The SRF lawsuit, as the United States federal court judge correctly perceived, was an attempt by SRF to “put Ananda out of business” through SRF’s claim of exclusive rights to Yogananda’s teachings. The lawsuit sought not only to eliminate Ananda as a viable Yogananda organization, but also to undermine Kriyananda’s reputation and credibility as a spiritual teacher and spokesman for Yogananda. Later, with the filing of the Bertolucci lawsuit, the attempt to tarnish Kriyananda’s reputation gained added momentum.
Indeed, from that point on, Kriyananda was under attack in every aspect of his life. Everything he’d ever worked for was in jeopardy—even the copyrights to the many books he had written and the music he had composed.
Kriyananda was not the aggressor in these lawsuits, but when forced to defend Ananda and himself he did so with courage, determination, and creativity. Principles were at stake and he fought hard, at the same time seeking ways to promote harmony between SRF and Ananda whenever possible. Kriyananda was very concerned that this legal fight between two “first-generation” Yogananda organizations would negatively affect the future of Yogananda’s work, and he was willing to make appropriate concessions to settle the lawsuit.

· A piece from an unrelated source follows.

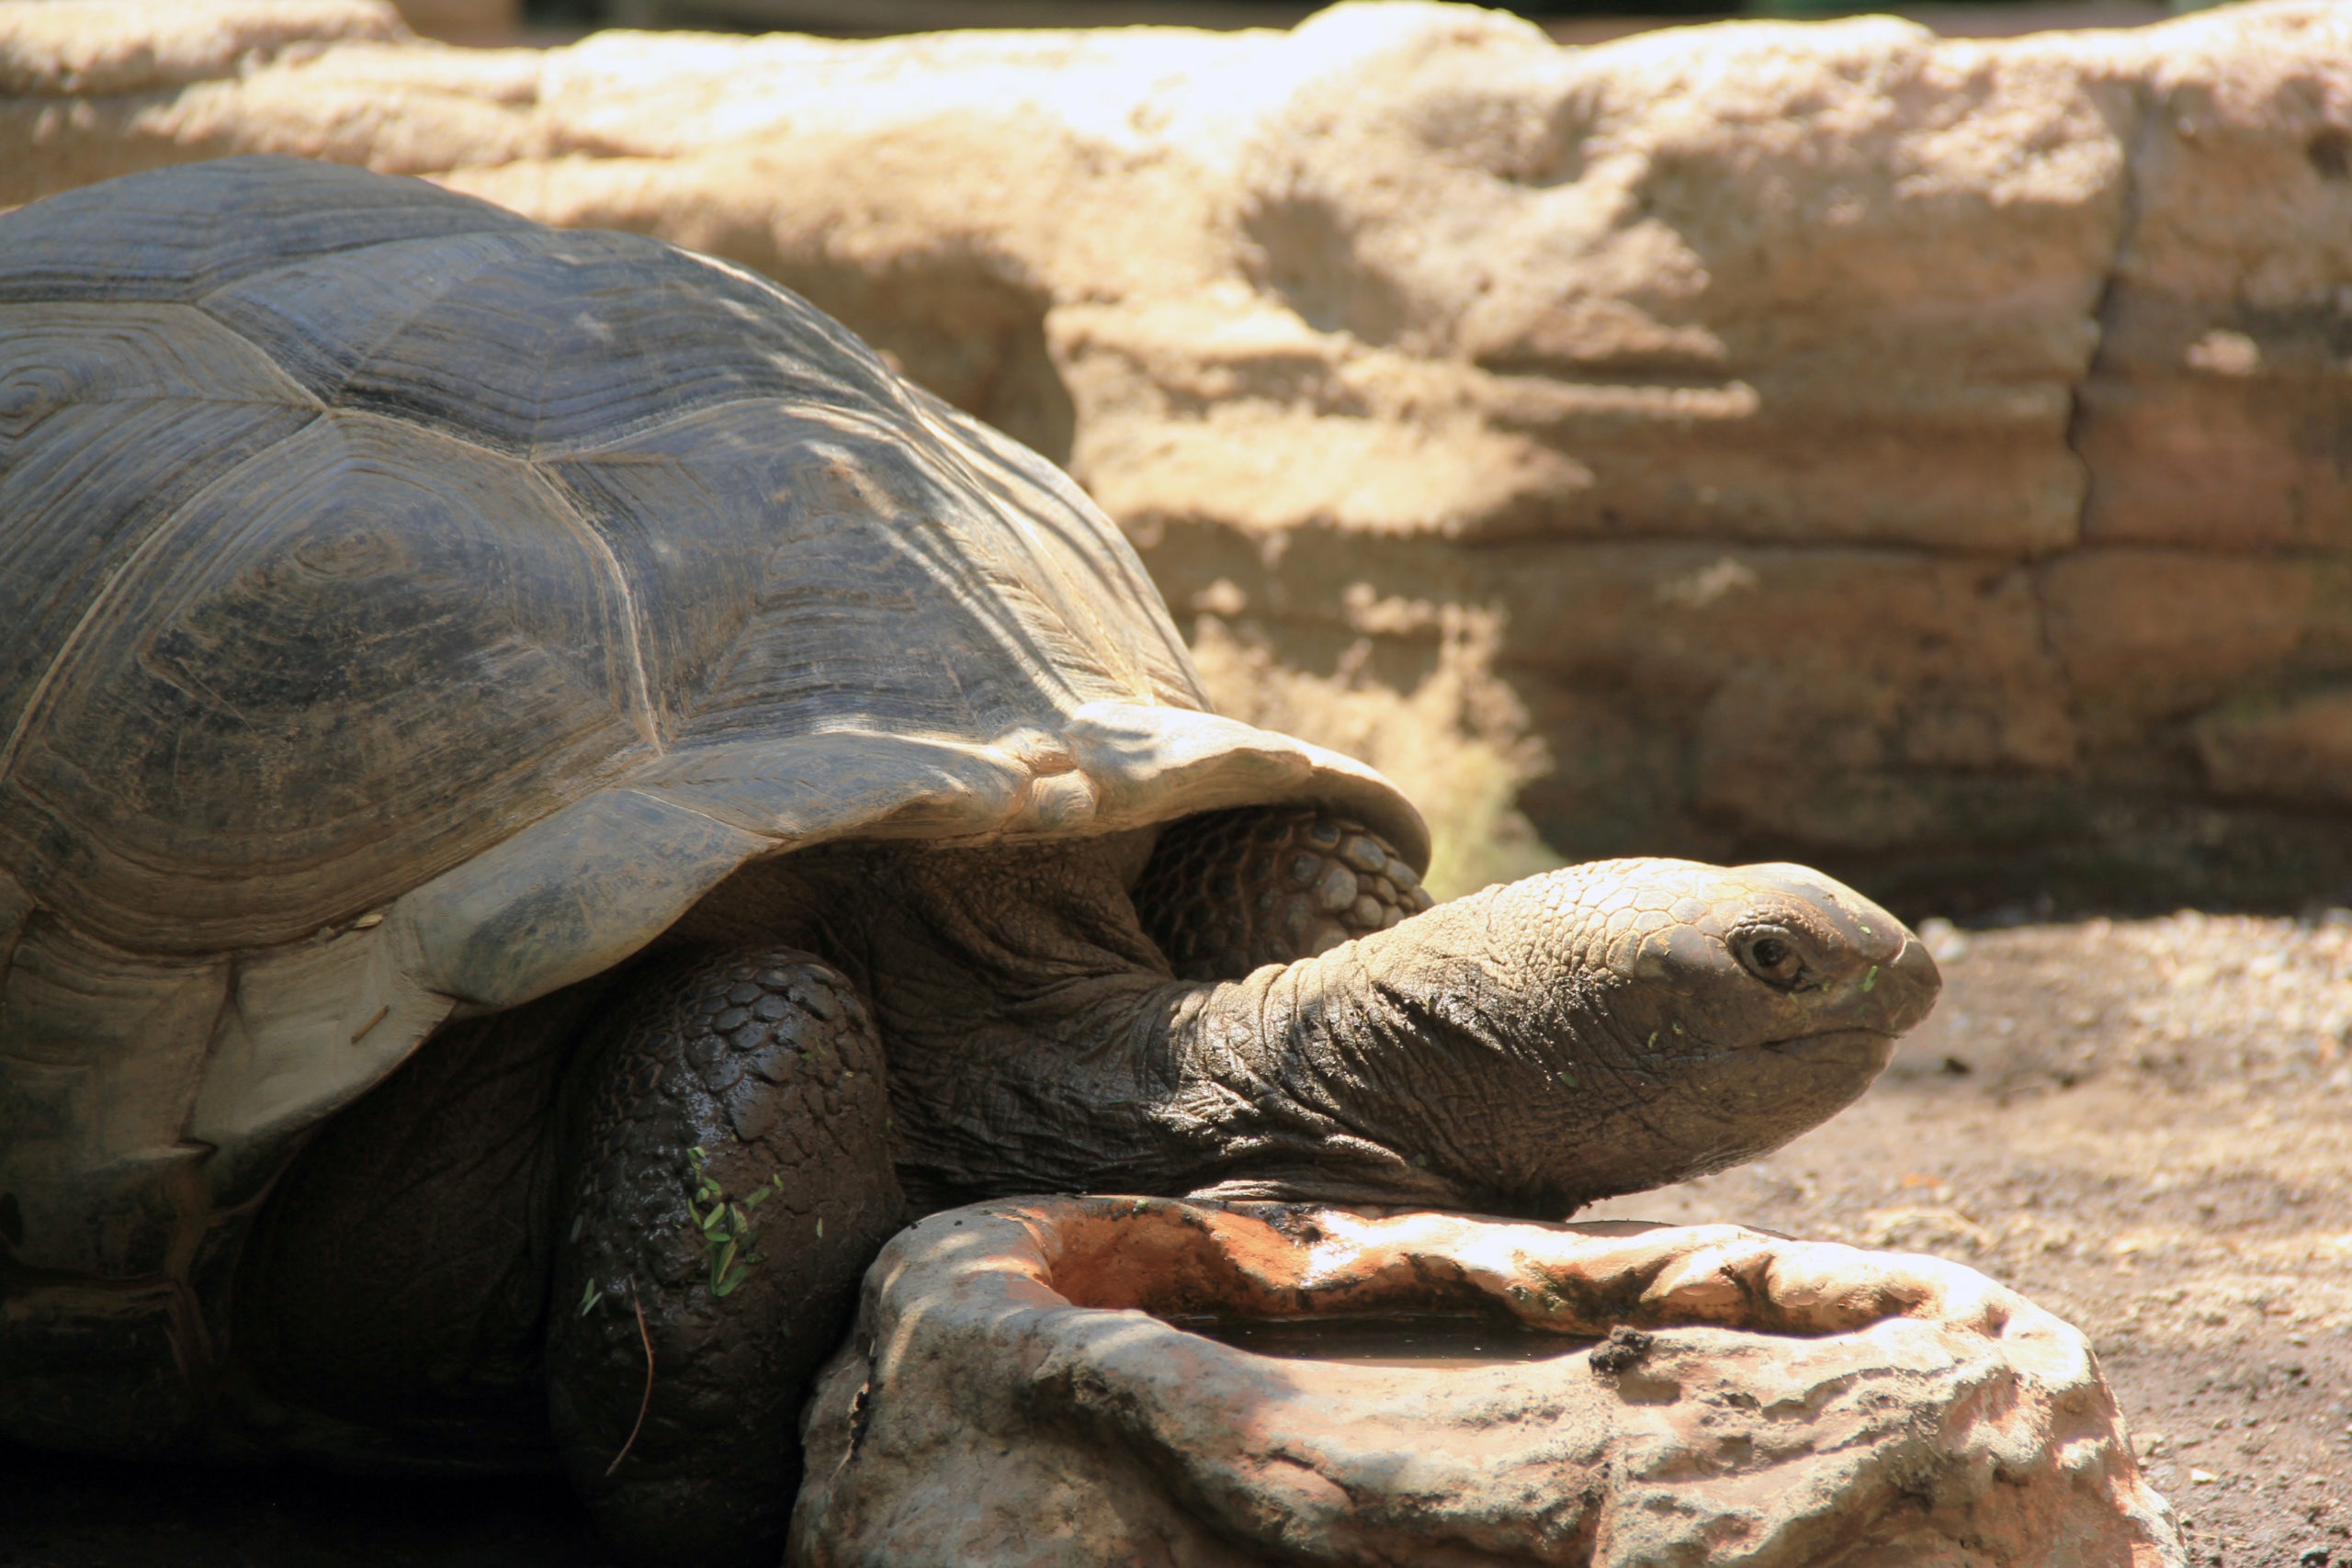 aldabra-giant-tortoise

Despite his best efforts, no compromise or settlement proved possible.
In situations of the type Kriyananda now faced, a person’s character is revealed. What I observed was that Kriyananda never flinched before hard truths, and wasted no energy wishing that things were other than they were. Scrupulously honest in the presentation of his defense, he based his positions strictly on the truth of the matters at issue. First and foremost to him was having a clear conscience before God; the courts of man were of secondary importance. He would do his best, but the results were in God’s hands.
Though in what might be called absolute personal jeopardy, Kriyananda was always compassionate, never harsh. Even with everything he believed in at stake, he never neglected his spiritual responsibility to the Ananda members involved in the defense of the lawsuits (“the legal team”). An example: There came a time in the second lawsuit when, with the trial date approaching, Ananda’s legal team decided to hire a trial attorney when Kriyananda was out of the country.
Upon returning, Kriyananda saw at once that the attorney was the wrong choice for Ananda. But when the legal team failed to see what was crystal clear to him, he acquiesced in its choice. He adhered to one of Ananda’s guiding principles, that “people are more important than things”—that people be allowed to make mistakes and learn at their own pace. He writes in this book that it was contrary to his way of leading Ananda to assert his will against others if they were not receptive to his guidance. As things turned out, the choice of trial attorney proved disastrous. Kriyananda had known it would.
In the same spirit of non-attachment and surrender to God’s will, Kriyananda never abandoned his spiritual responsibility to those who formerly looked to him for spiritual guidance. After the lawsuits ended, he wrote a friendly caring letter to a key witness against him and Ananda, a former Ananda member, suggesting that in future she consider more deeply the consequences of her attitudes and actions. Kriyananda apparently still believed that this woman could fulfill the spiritual potential he had once seen in her.
Ultimately the message of this book is one of hope. Kriyananda makes clear that a healthy spiritual organization is based on discernible principles, not happenstance. The final chapters include a detailed listing of the principles he has followed in leading Ananda. Leaders trained by Kriyananda and now leading Ananda according to these principles have shown them to be realistic and attainable—ten years after the end of the lawsuits, Ananda continues to thrive and grow. Seen from this vantage point, Yogananda for the World is both a handbook on leadership and a clear statement of what Kriyananda considers to be the true guidelines Yogananda left for a spiritual work in this New Age of Energy.